Left ventricular tissues were collected by snap-freezing and homogenized in PBS at 4°C. The homogenized lysates were centrifuged at 12,000g at 4°C to collect supernatant. The primary cardiomyocytes were cultured in M199 with indicated treatments, and culture medium was collected. Lactate concentration was determined using an L-Lactate Assay Kit (Trinity Biotech, 736-10). Intracellular NAD(H) level and glutathione were determined by an EnzyChrom NAD⁺/NADH Assay Kit (Bioassay Systems, E2ND-100) and a GSH/GSSG Ratio Detection Assay Kit (Abcam, ab239709), respectively, according to the manufacturers’ protocols. To assay glycogen level, hearts were harvested 7 days after MI or sham surgery. Mice were fasted for 8 hours before tissue harvesting. Ventricular tissues were quickly excised and briefly washed with cold 0.9% NaCl before snap-freezing.

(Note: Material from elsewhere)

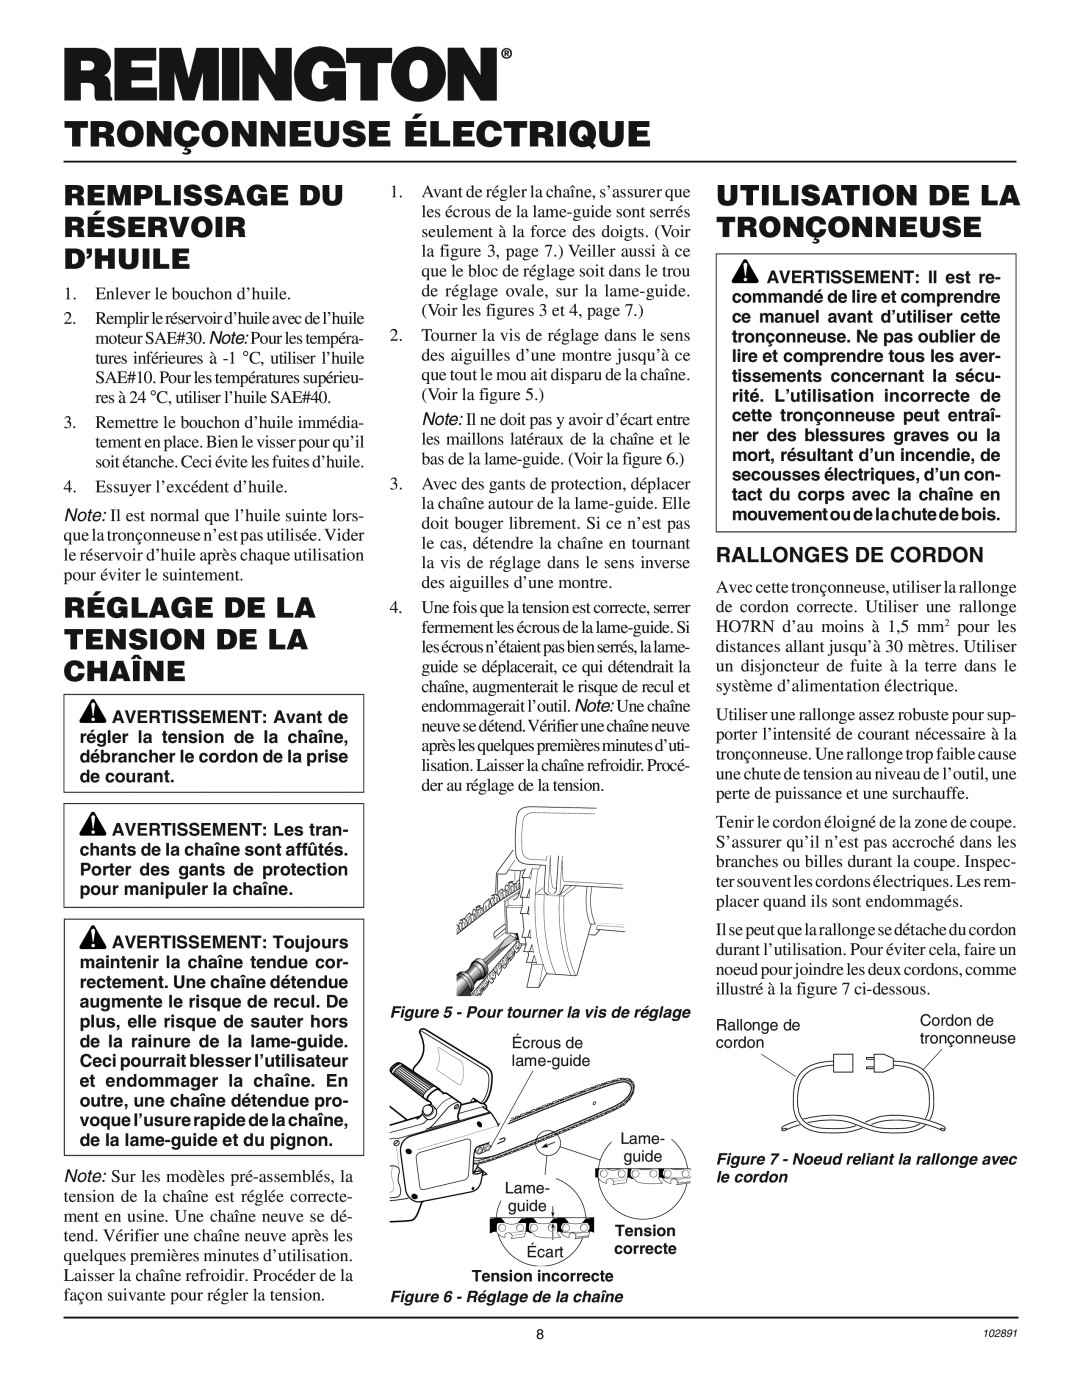 Desa 100271-01 Remplissage Du Réservoir D’Huile, Réglage De La Tension De La Chaîne, Utilisation De La Tronçonneuse 
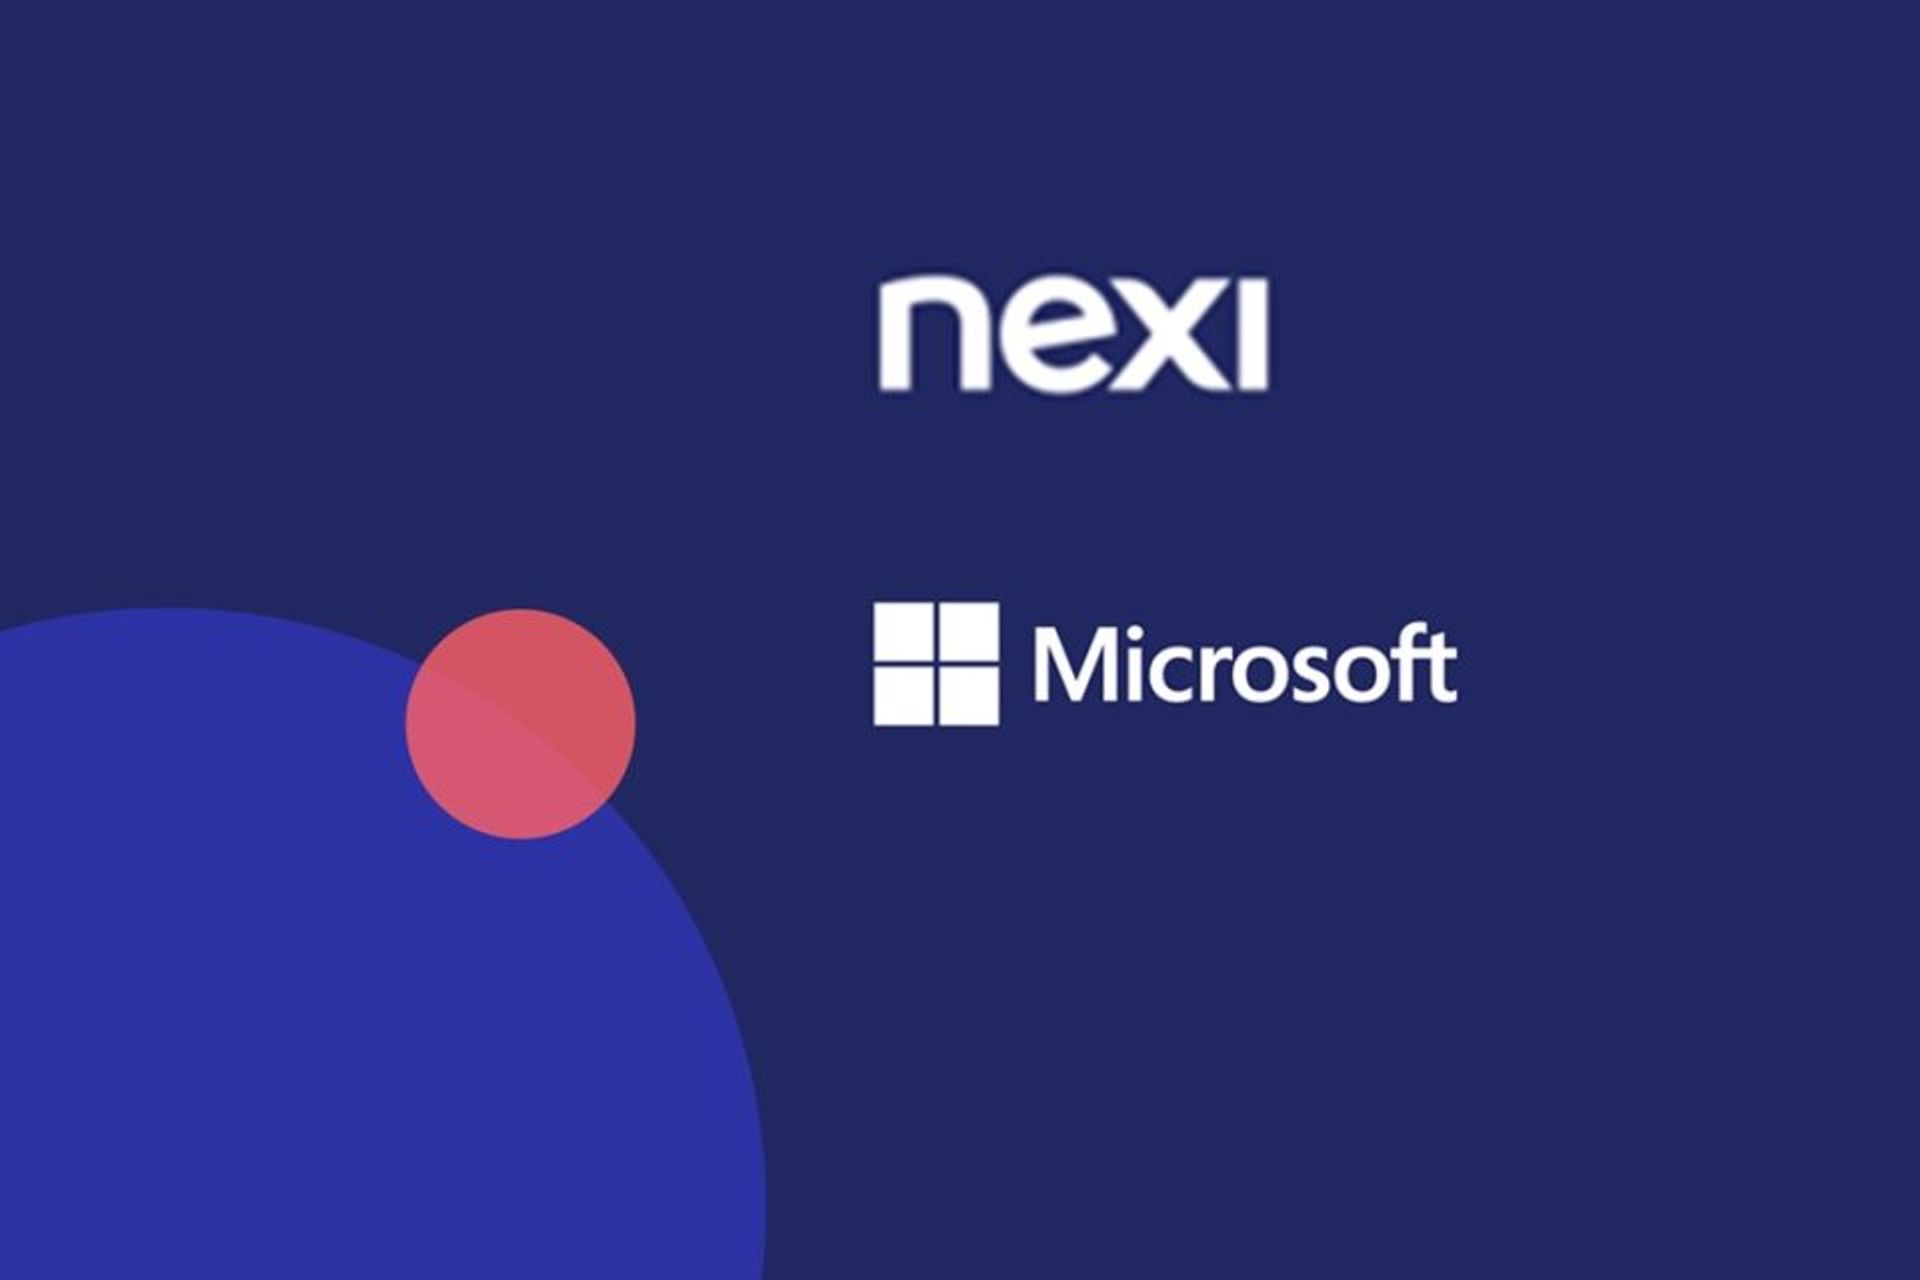 Νέα συνεργασία μεταξύ της Nexi, μιας ευρωπαϊκής paytech που δραστηριοποιείται σε διάφορες αγορές, και του κολοσσού ψηφιοποίησης Microsoft

Glycogen was separated from exogenous glucose in 10 mg cardiac tissue by an alkaline extraction procedure and measured using a commercially available kit (BioVision, catalog k960-400).

Glycolytic enzyme activity assay.

The primary cardiomyocytes were cultured in M199 with indicated treatments, and the cells were harvested in 0.1 M KPO₄ buffer (pH 7.5) and immediately freeze-thawed using liquid nitrogen 3 times to release intracellular proteins. Subsequently, lysates were centrifuged for 10 minutes at 12,000g at 4°C to collect supernatant. The reaction mixture contained 1.9 mL of the assay buffer (0.15 M CAPS, pH 10.0), 0.5 mL of 6 mM NAD⁺ solution, 0.5 mL of 0.15 M l-lactate solution, and 0.1 mL of supernatant plus water in a total volume of 3 mL, and the absorption at 340 nm was measured for 5 minutes. The ratio of supernatant to water was decided by the absorption rate at A₃₄₀ (0.1 or 0.2 per minute). The LDH activity was determined via measurement of the conversion of NAD⁺ to NADH. The results were normalized to the protein content. The protein concentrations were quantified by bicinchoninic acid (BCA) assay. The GAPDH activity was determined by a KDalert GAPDH Assay Kit (Life Technologies, AM1639) according to the manufacturer’s protocol.

ATP synthesis rate.

The ATP synthesis rate was determined in digitonin-permeabilized cardiomyocytes (55). ATP content at multiple time points was determined using an ATP Bioluminescence Assay Kit CLS II (Roche, 11699695001) to assess the linear rate of ATP synthesis (7).

Cell imaging.

To monitor the generation of mitochondrial ROS (mtROS) in real time, cardiomyocytes were stained with 5 μM MitoSOX (Molecular Probes) in M199 medium for 15 minutes. To assay ATPase activity in real time, cardiomyocytes were stained with 5 μM MgGreen (Invitrogen) in M199 medium for 30 minutes in a CO₂ incubator. The live cardiomyocytes were subsequently cultured in cardiomyocyte isolation buffer (118 mM NaCl, 4.8 mM KCl, 1.2 mM KH₂PO₄, 1.2 mM MgSO₄·7H₂O, 11 mM glucose, and 25 mM HEPES, pH 7.4). To observe EGFP-HIF1α (http://www.addgene.org/87204/) localization induced by ATPIF1, transfected cells were fixed with 4% paraformaldehyde in PBS for 15 minutes and then permeabilized with 0.1% Triton X-100 in PBS for 30 minutes at room temperature. Cells were stained with 200 nM DAPI for 30 minutes, and fluorescent signals of the cells were examined using a Leica TCS SP8 confocal microscope.

ROS detection in H9C2 cells.

H9C2 cells were purchased from ATCC. To measure mitochondrial and cytosol ROS production, the treated H9C2 cells were incubated with 5 μM MitoSOX Red (Invitrogen, M36008) or 2.5 μM CM-H2DCFDA (Invitrogen, C6827) at 37°C for 30 minutes in high-glucose DMEM (Gibco, 11995) without FBS, followed by washing twice with PBS. The cells were analyzed on a spectral flow cytometer (Aurora, Cytek Biosciences), and the results were analyzed using FlowJo software (BD Life Sciences).

Assay of extracellular acidification rates.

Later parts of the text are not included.